The Christmas Season can be both a blessing and a curse for the recovering addict. Old Memories, Increased Family Interaction, and additional exposure to alcohol can be challenging. Voices of Recovery had the opportunity to talk with Lee McCormick regarding the challenges those in recovery may face during the holiday season and offer some tips towards maintaining sobriety and keeping a high spirit during the most festive time of year. McCormick, is the founder and co-owner of the Ranch Recovery Center in Tennessee, where a holistic and spiritual approach to addiction has been used with success.
Voices of Recovery- The challenges for those in recovery are a daily struggle, and for the some the holiday season makes that every day challenge even harder given the Christmas Parties, or past seasonal memories that may bring up old emotional wounds.

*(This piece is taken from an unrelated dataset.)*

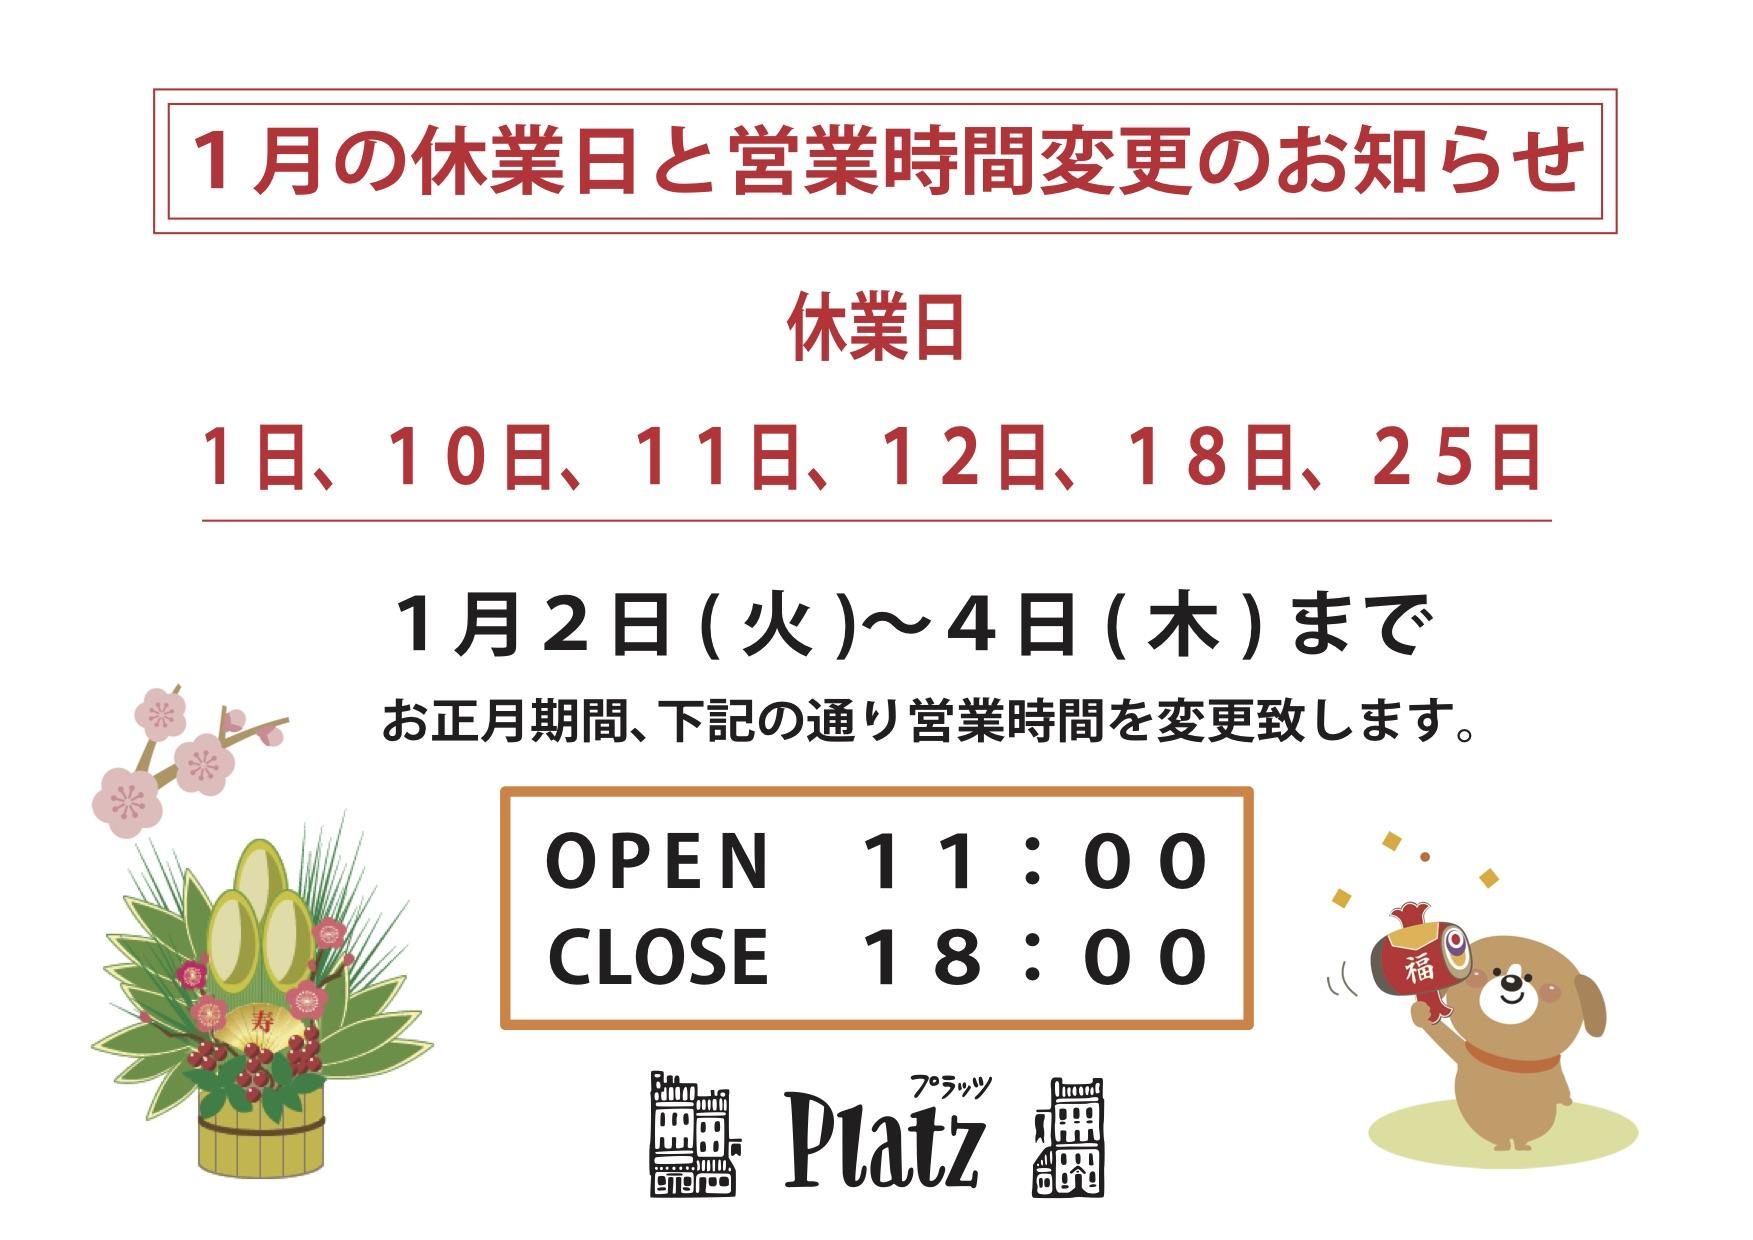 http://www.kyoto-platz.jp/news/images/2018%E3%81%8A%E6%AD%A3%E6%9C%88%E5%96%B6%E6%A5%AD%E6%99%82%E9%96%93.jpg

What are some tips you can share for those looking to stay clean and sober?
Lee McCormick- This time of year the challenges are big, broad, and there are a ton of them. One of the main things I always try and stress is live in the moment. How do I deal with living in this moment, right here and right now. One of the biggest challenges this time of year, and in recovery in general is let the past be the past. We continually tend to put the past right in front of us and let the past guide us and sway us as if it were right in front of our face. In the interest of the holidays and the challenges that come from of it, the most important thing and a critical key point is stay in the moment. Engage yourself whats happening in the present moment, embrace it, live it. Stay in the moment with what is happening today.
When old wounds, old memories, and old stories come up we have the choice to make, do we let the old experiences take our energy and sway what is happening now, when there is nothing to be gained by going-or do we live in the present, and embrace that moment in time and relish it. In a way, the resurfacing of holiday memories from years past that may bring up unpleasant memories is not too far removed from drug and alcohol addiction in itself,and spark the potential craving to go out and drink or get high. You can make the choice to go to a meeting, or call your sponsor, or your support group-or you sit in a room somewhere alone white knuckling it hoping for it to pass.
Voices of Recovery- You make a great point in that, the holiday season has such a tremendous emotional attachment to it, dating back to when we were little kids reading stories of Santa Claus and the memories of family Christmas’s long since past. What type of support should someone in recovery prepare for?
Lee McCormick- Its all about redirecting the attention. Meetings give us the opportunity to shift our attention from the space between our ears into the present moment of what is going on in that room at that moment in time. By going to meetings and using your sources of support, you will be in a much better position to deal with settling the old score, dealing with the old conflict, or hash some problems out or work with some long since past issue.